DATASET EXCERPT:
------------------------------

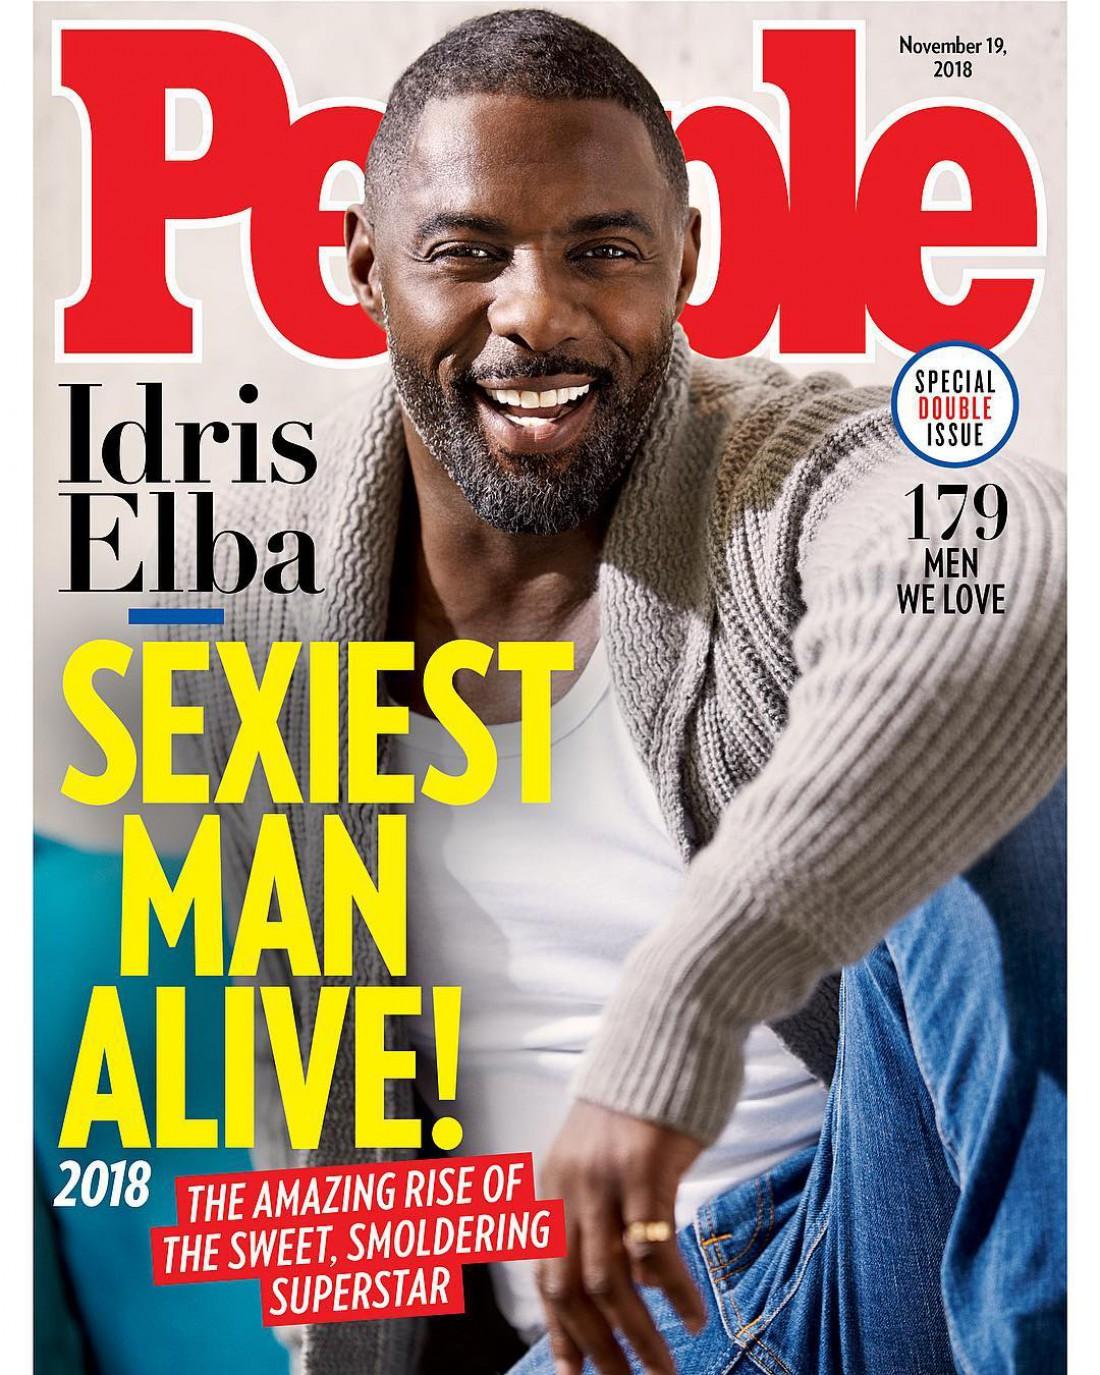 Идрис Эльба на обложке журнала People
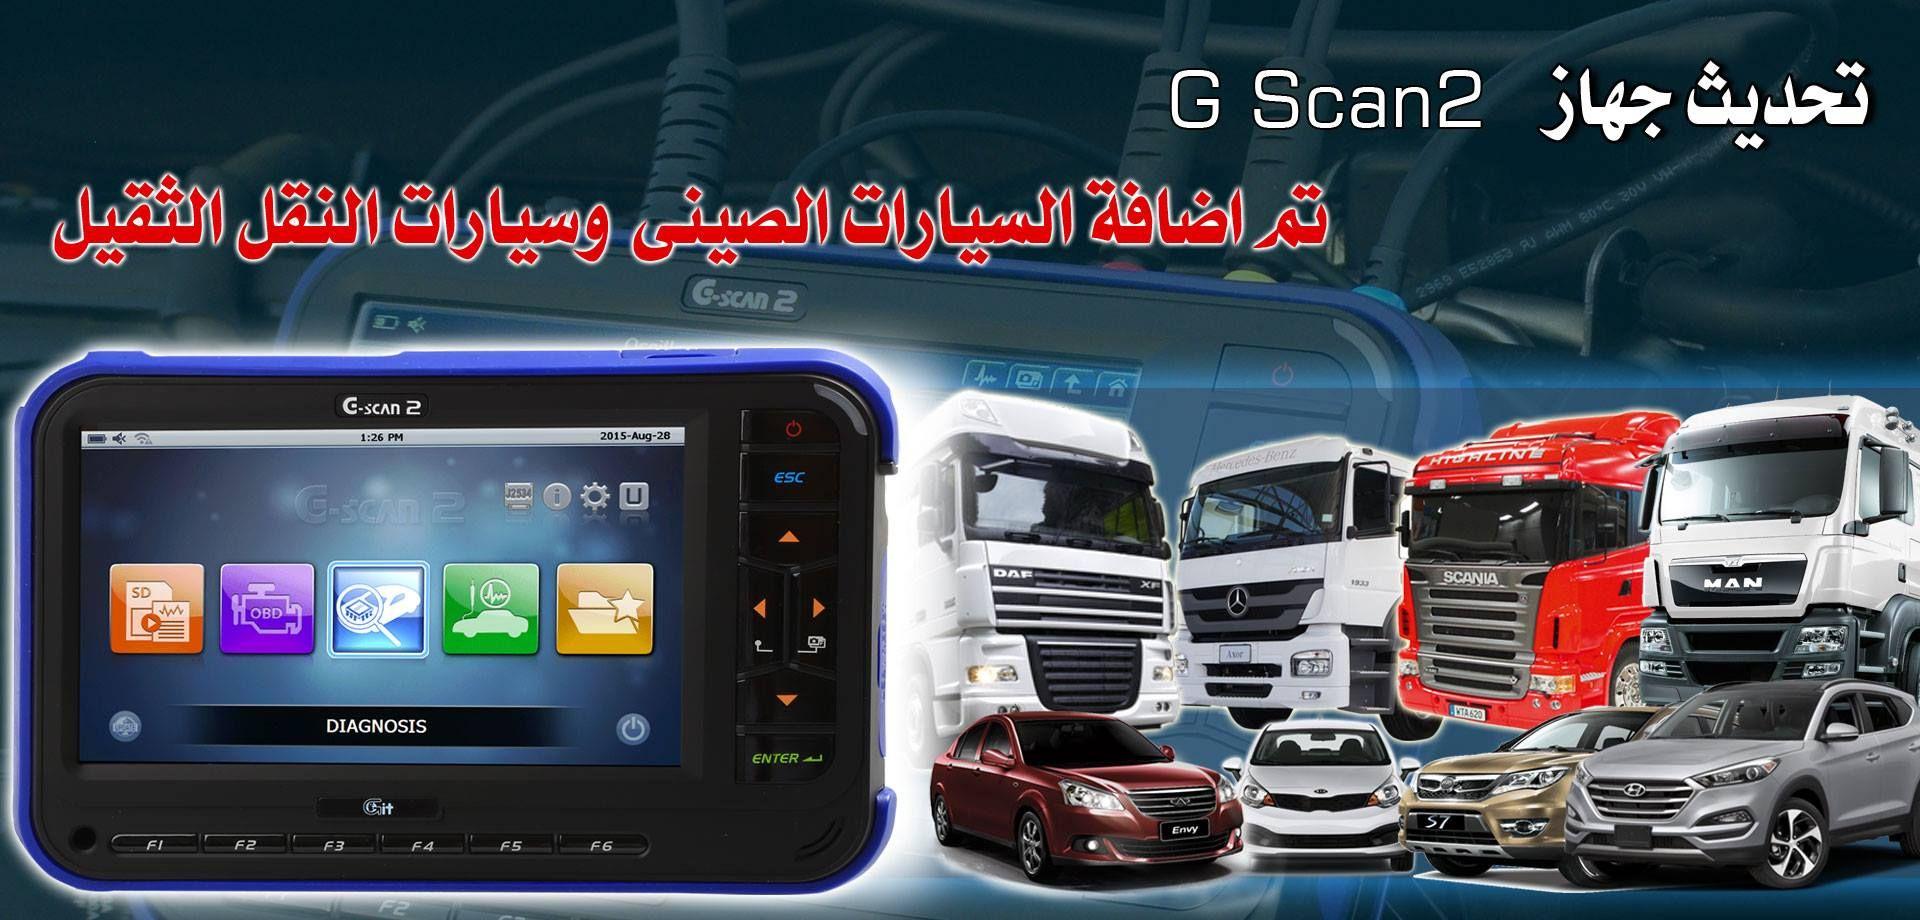 اعلان هام جدا خاص بتحديث اجهزة Gscan1 Gscan2 ارخص سعر للتحديث في مصر لأول مرة التحديث بالتقسيط بدون مقدم وعلي 6 شهور وبدون فوائد 1 Car Radio Radio Car
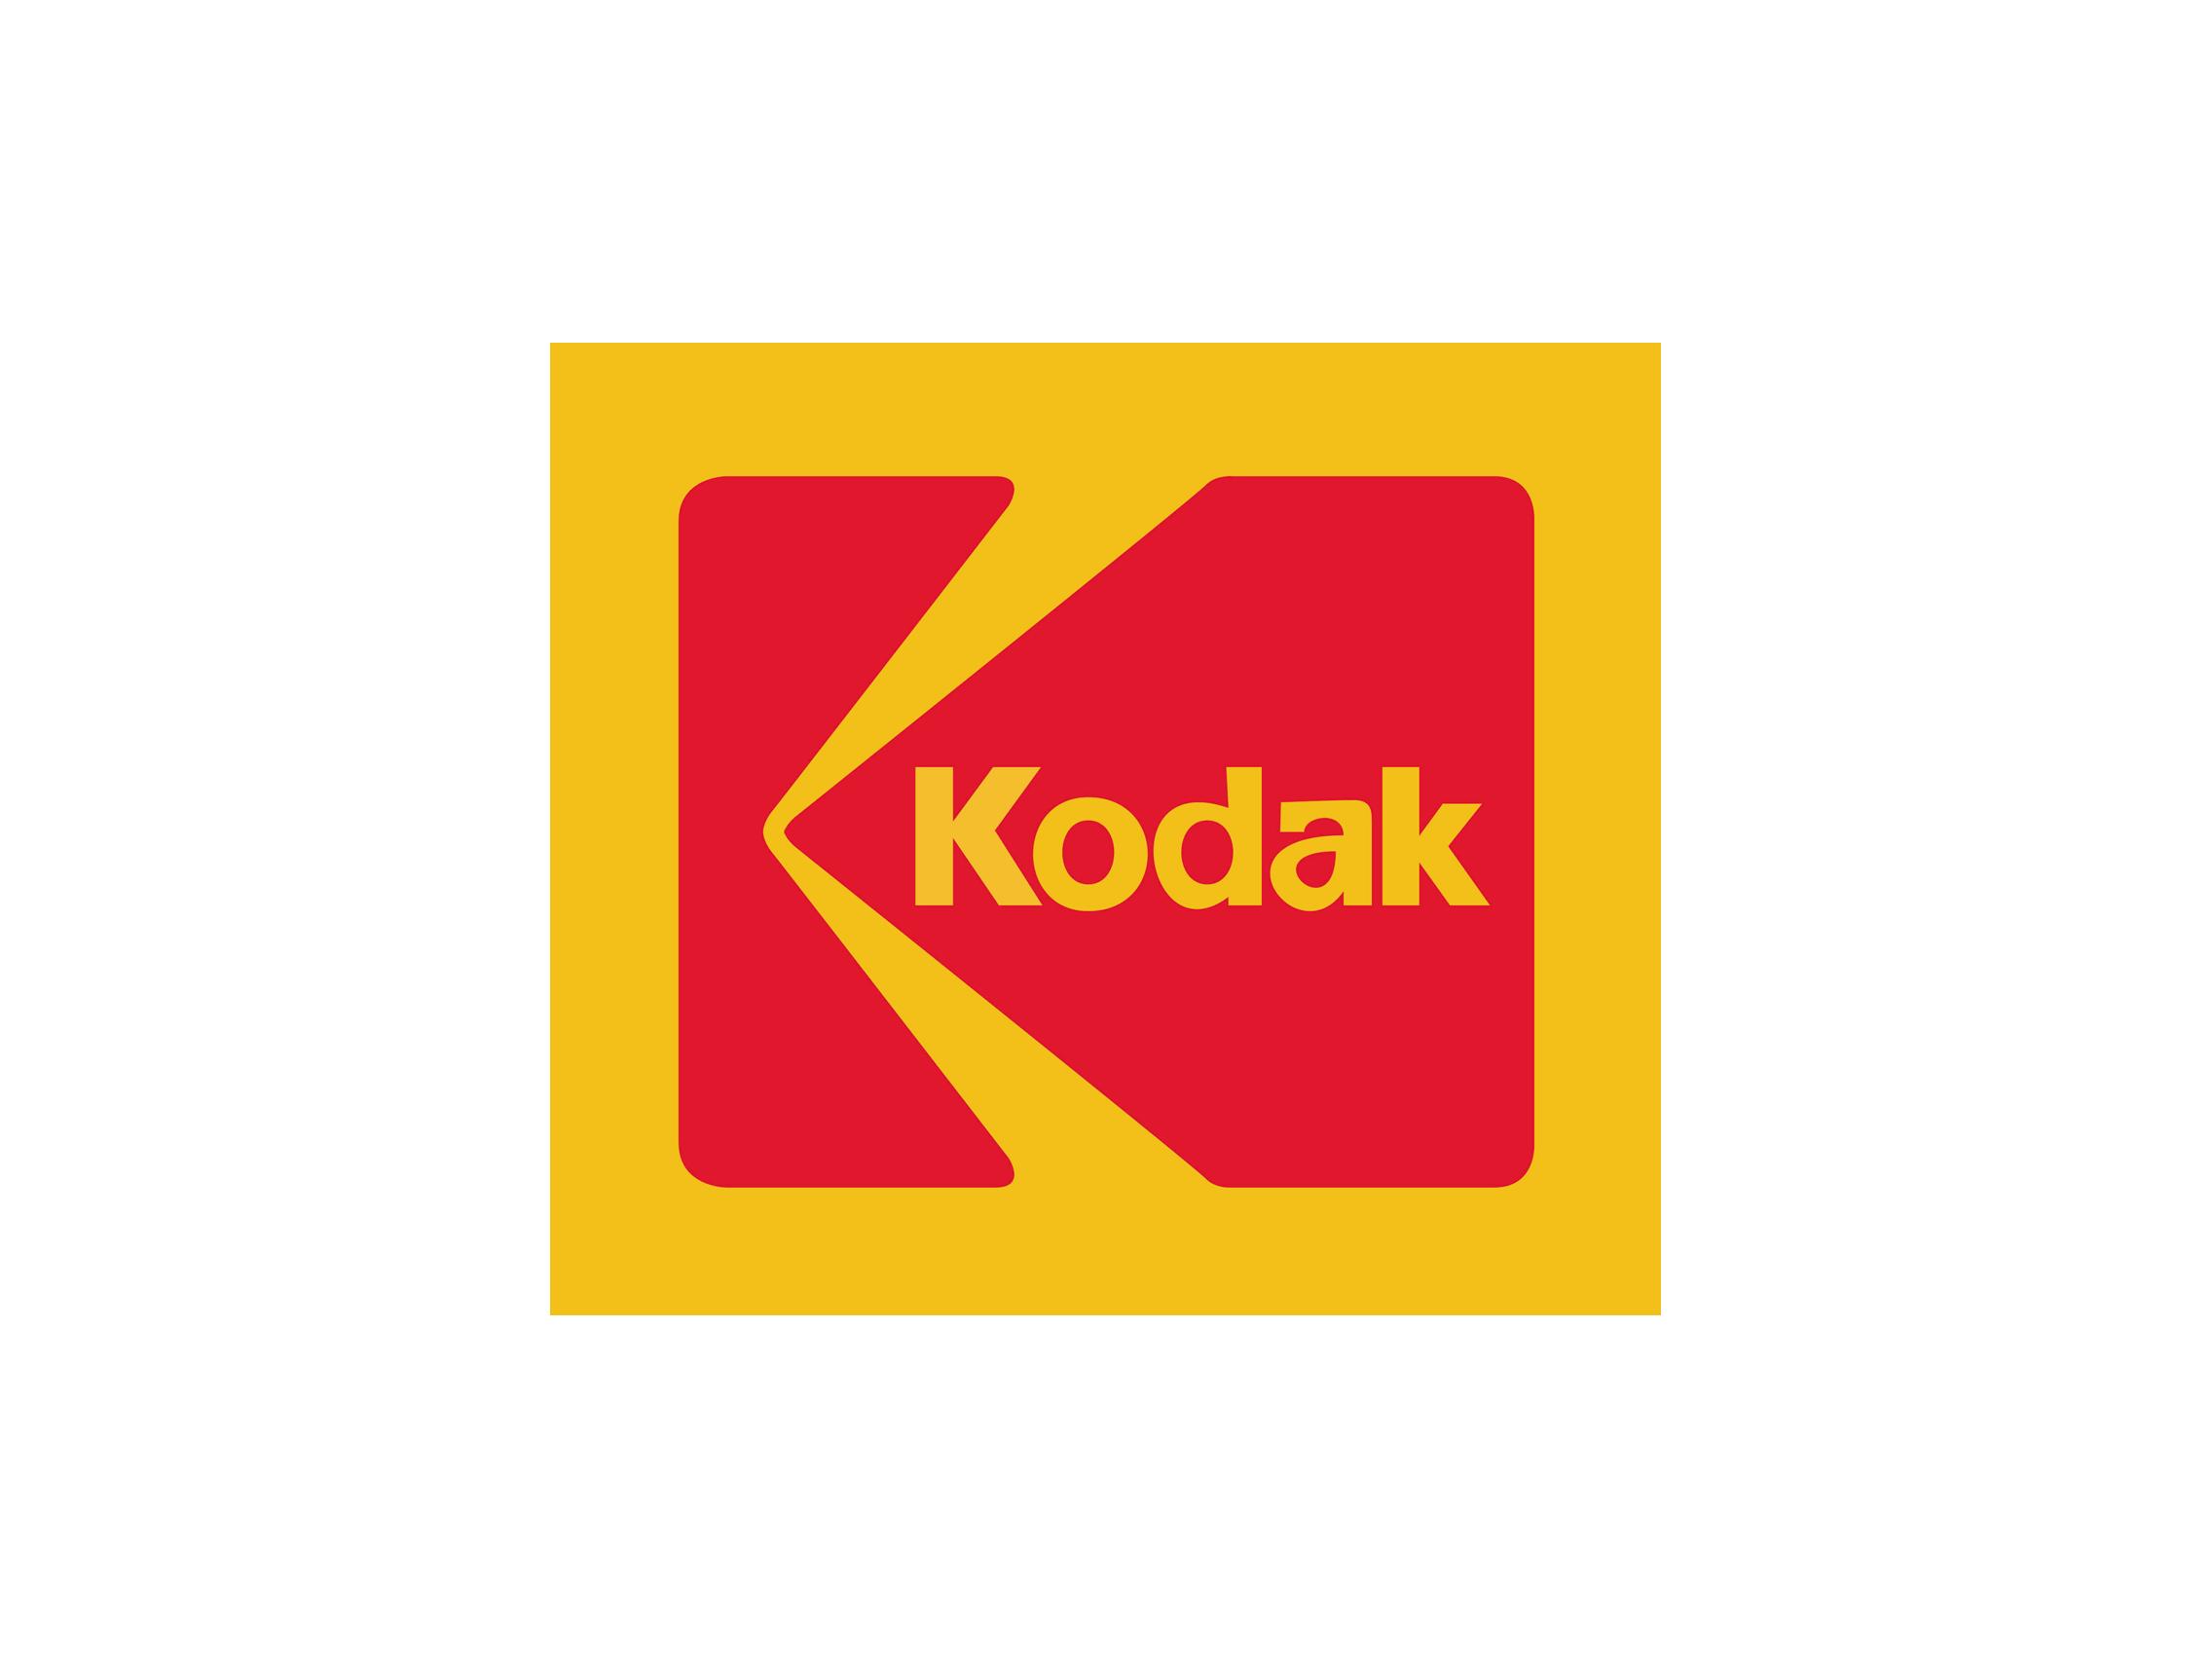 Kodak-logo-original.png

------------------------------

REQUIREMENT: Reproduce verbatim every line starting at the line that holds "اعلان هام جدا" and ending with the final line of the data; omit the pictures.

TASK SOLUTION:
 اعلان هام جدا خاص بتحديث اجهزة Gscan1 Gscan2 ارخص سعر للتحديث في مصر لأول مرة التحديث بالتقسيط بدون مقدم وعلي 6 شهور وبدون فوائد 1 Car Radio Radio Car
 Kodak-logo-original.png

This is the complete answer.